BEGIN Provided data

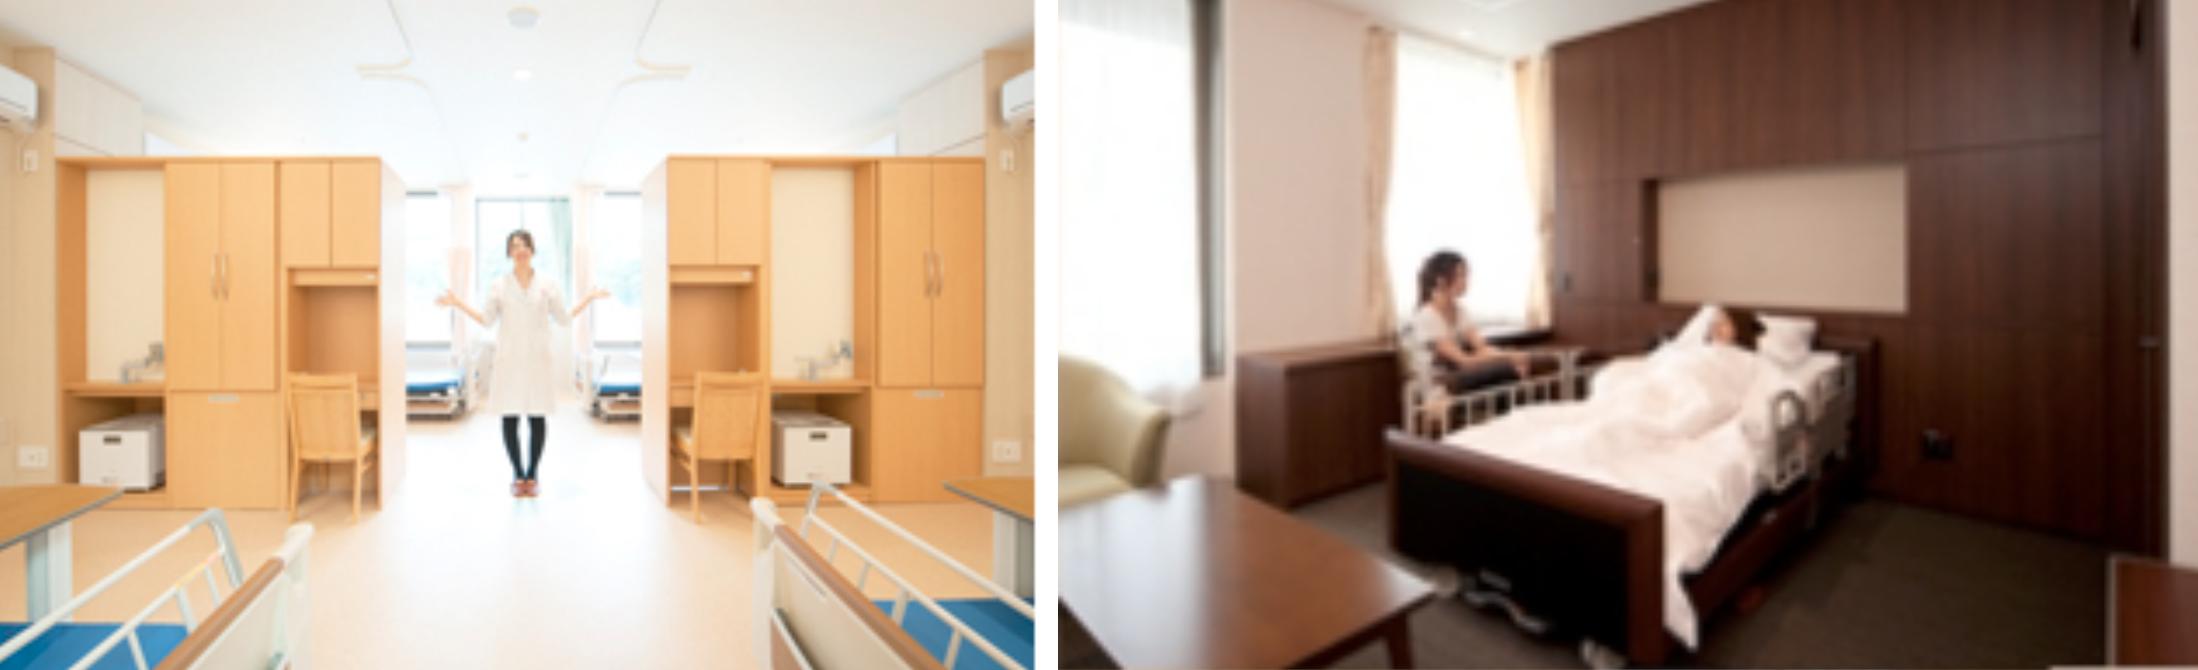 冨田病院 病室
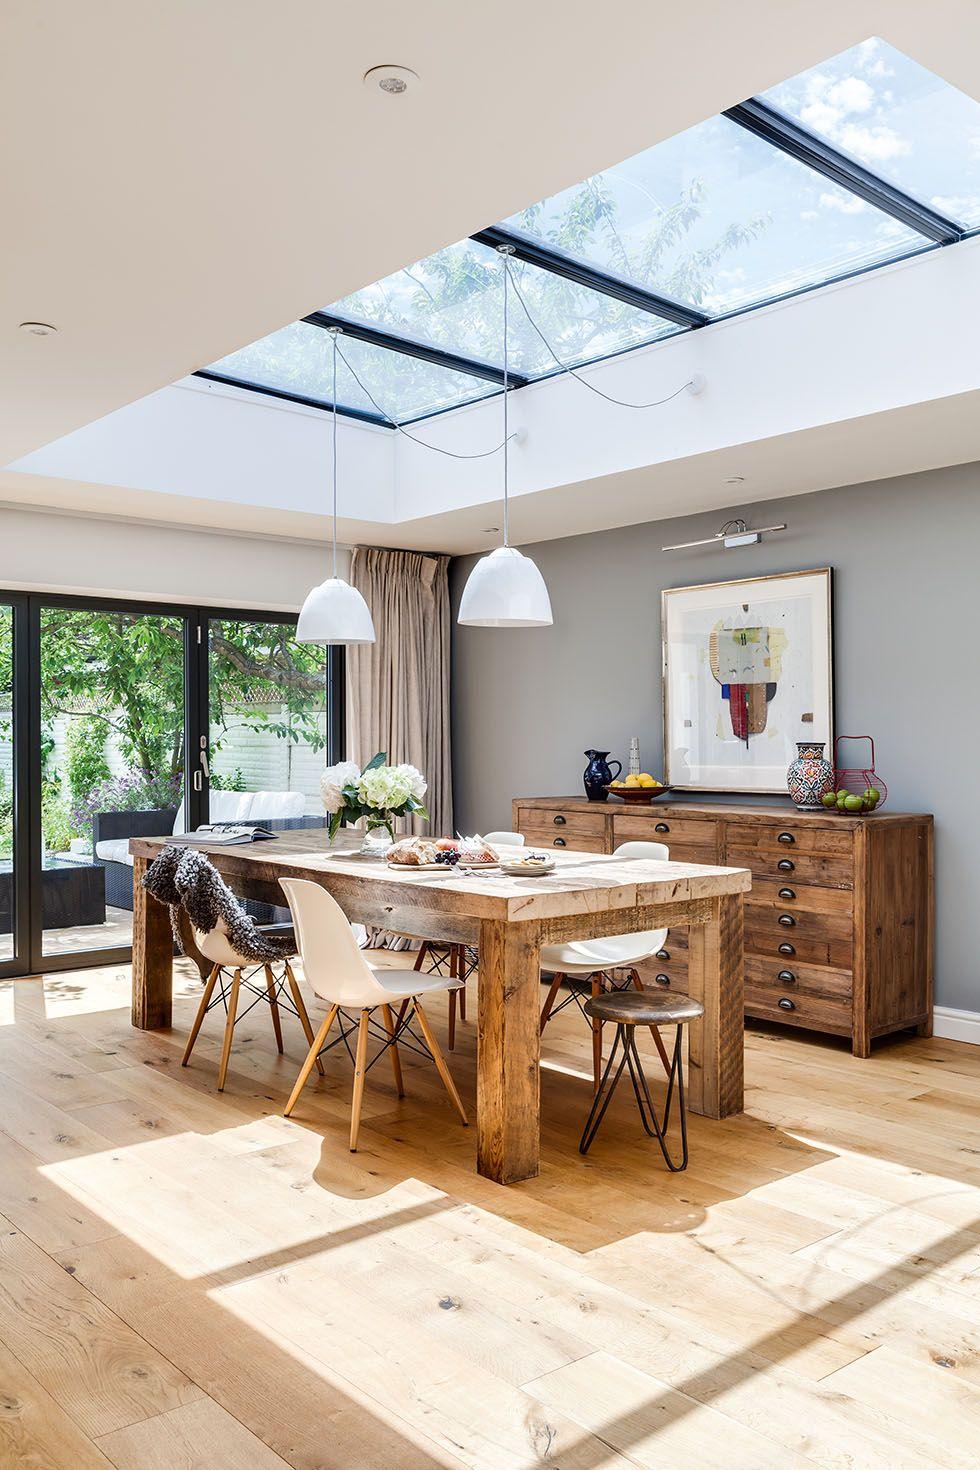 Ideen für die erweiterung der küche das glas  essplatz und tischdeko  pinterest
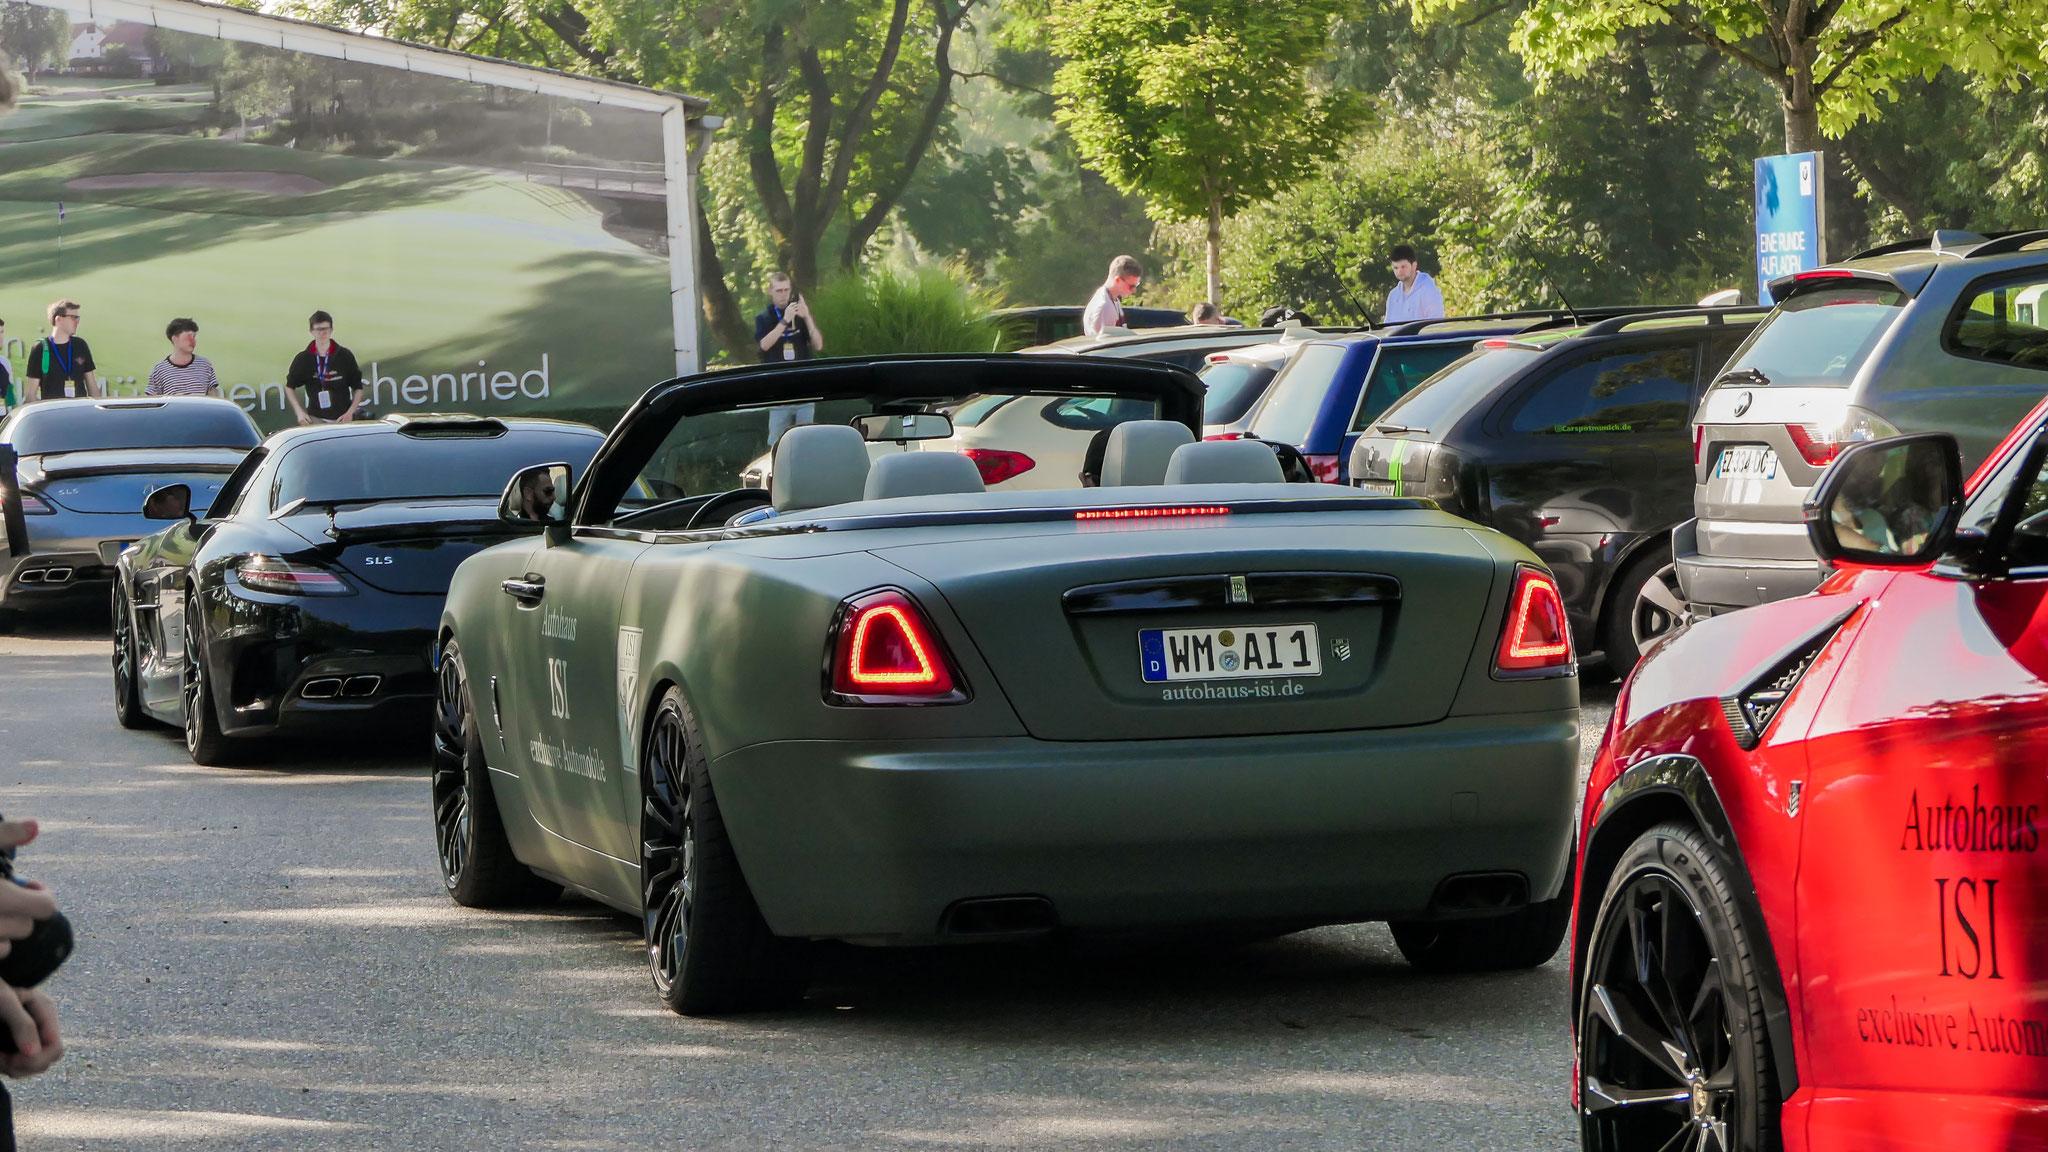 Rolls Royce Dawn - WM-AI-1
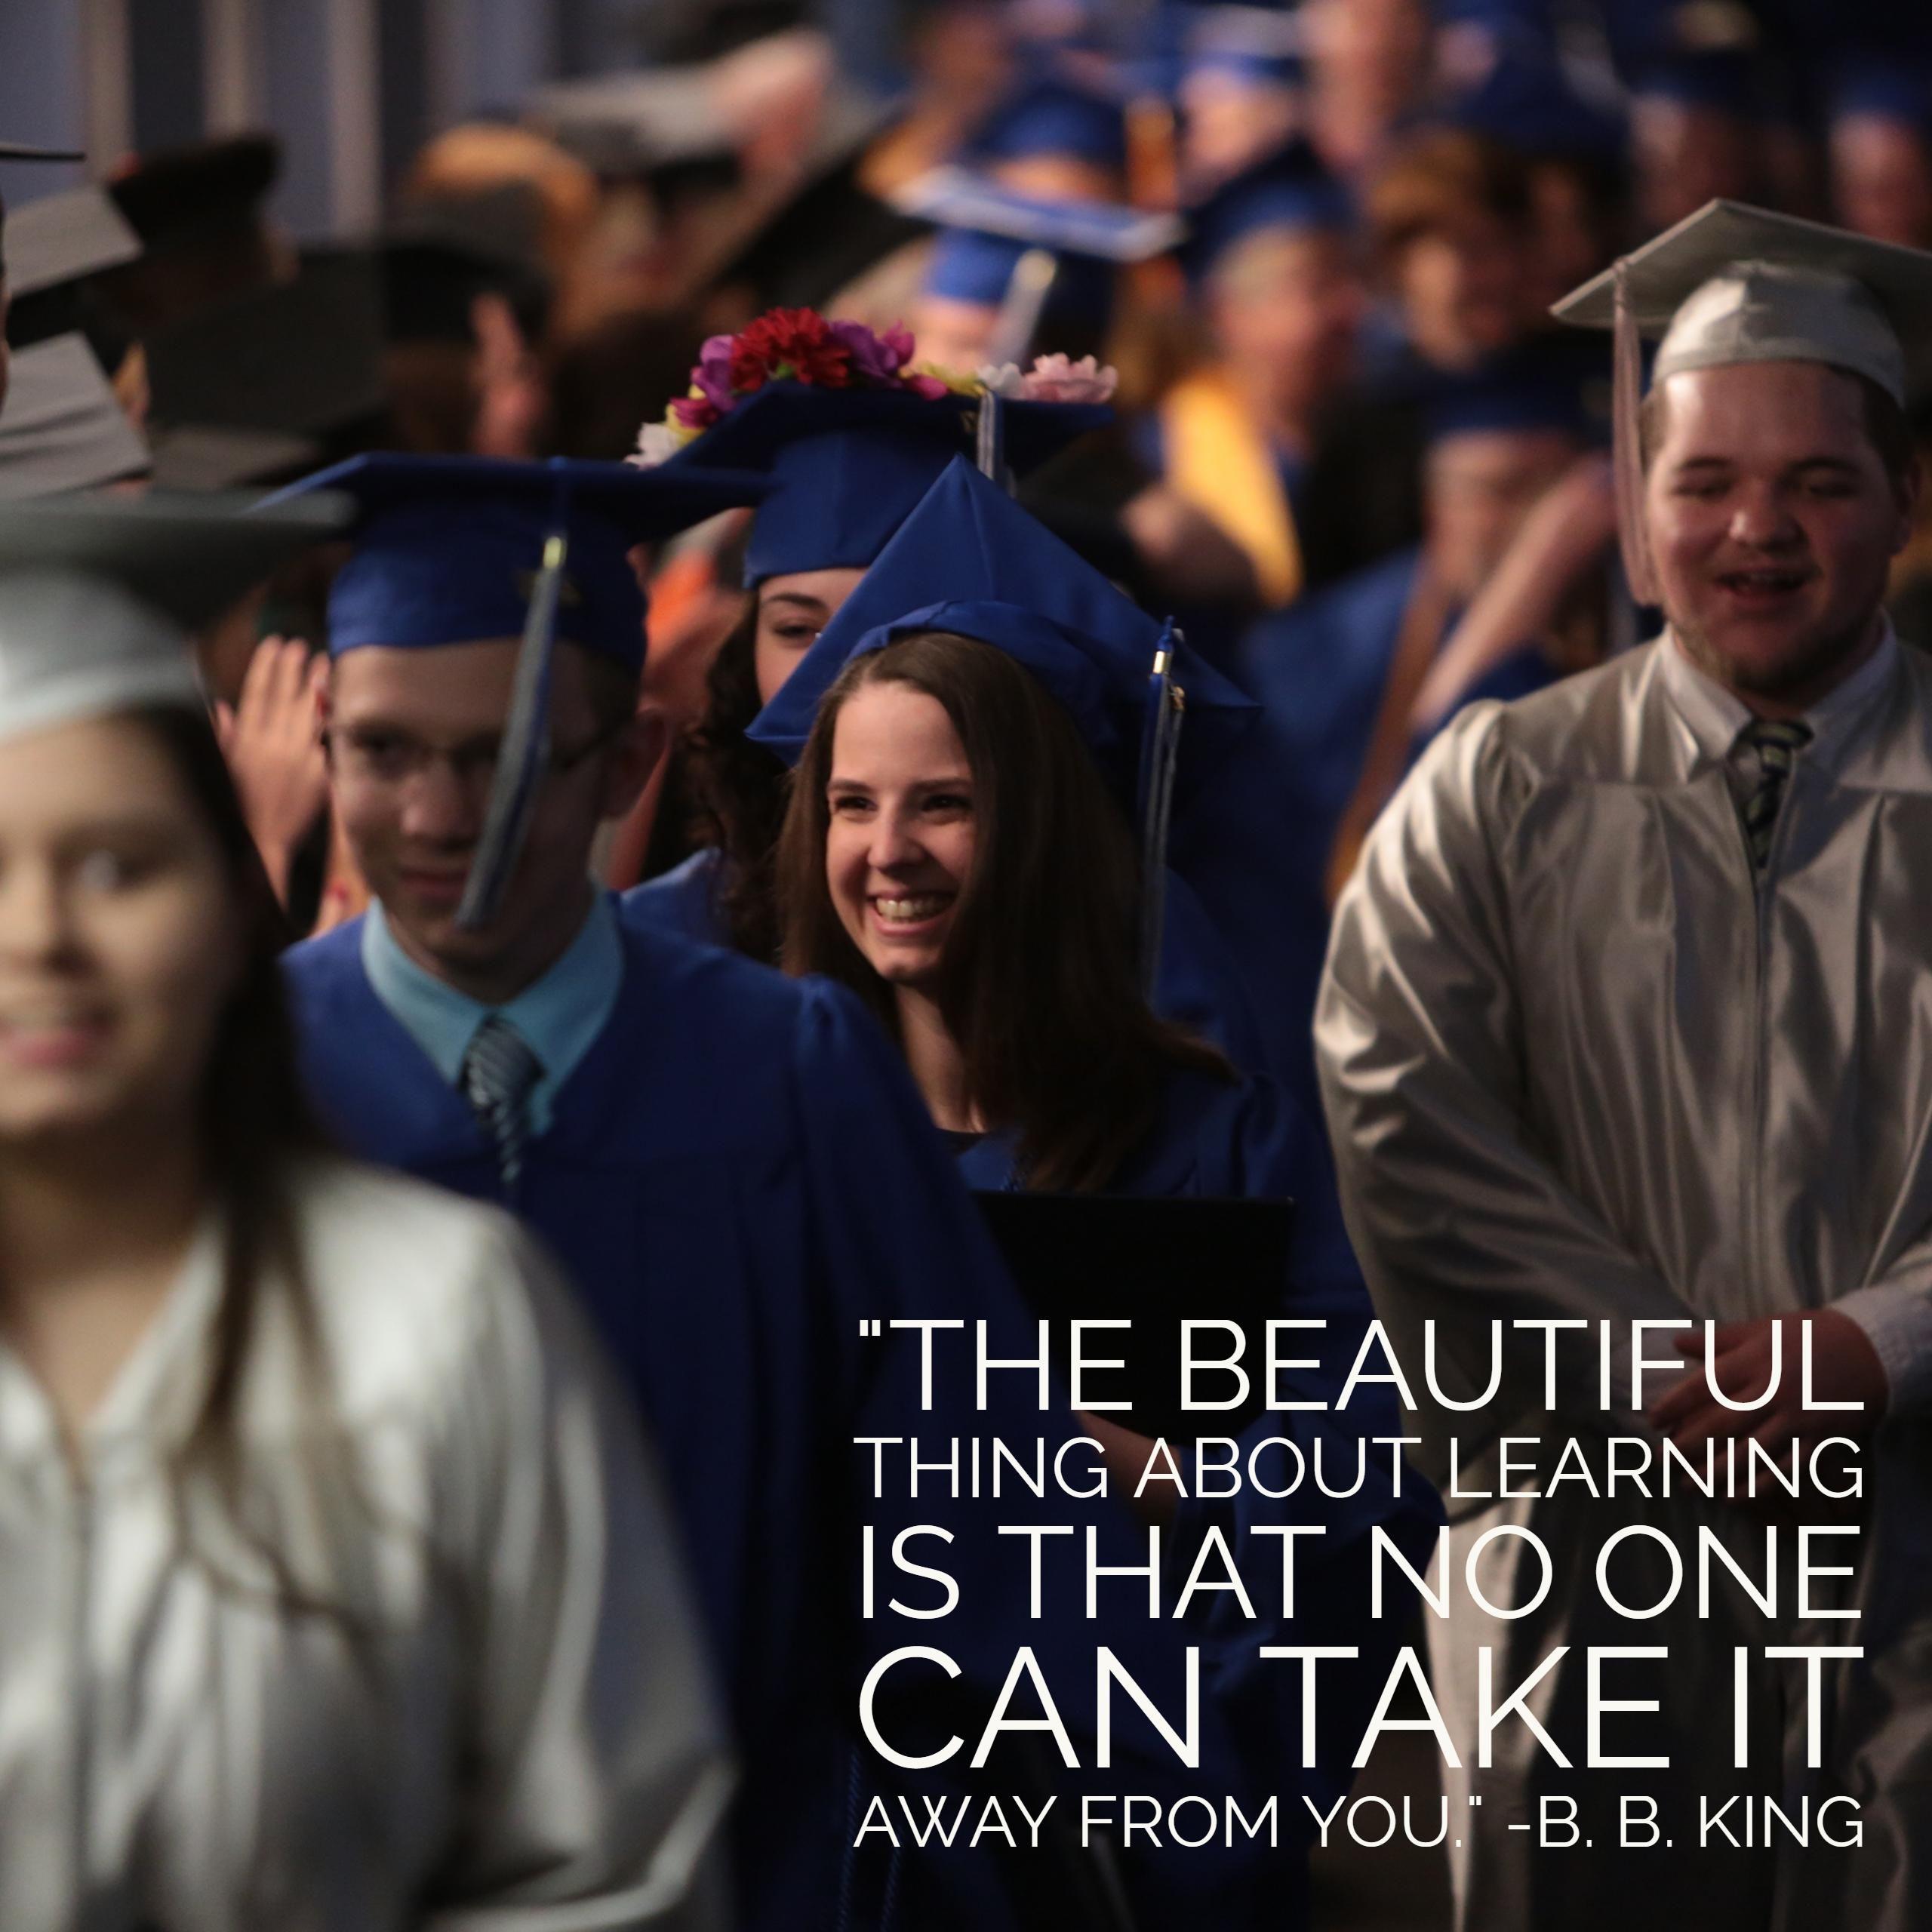 Congratulations to our graduates! #mondaymotivation #commencement #graduation

END Provided data

- Activity: Please retype the listing exactly, leaving out any images.

- Output of the task:
 冨田病院 病室
 Ideen für die erweiterung der küche das glas  essplatz und tischdeko  pinterest
 Rolls Royce Dawn - WM-AI-1
 Congratulations to our graduates! #mondaymotivation #commencement #graduation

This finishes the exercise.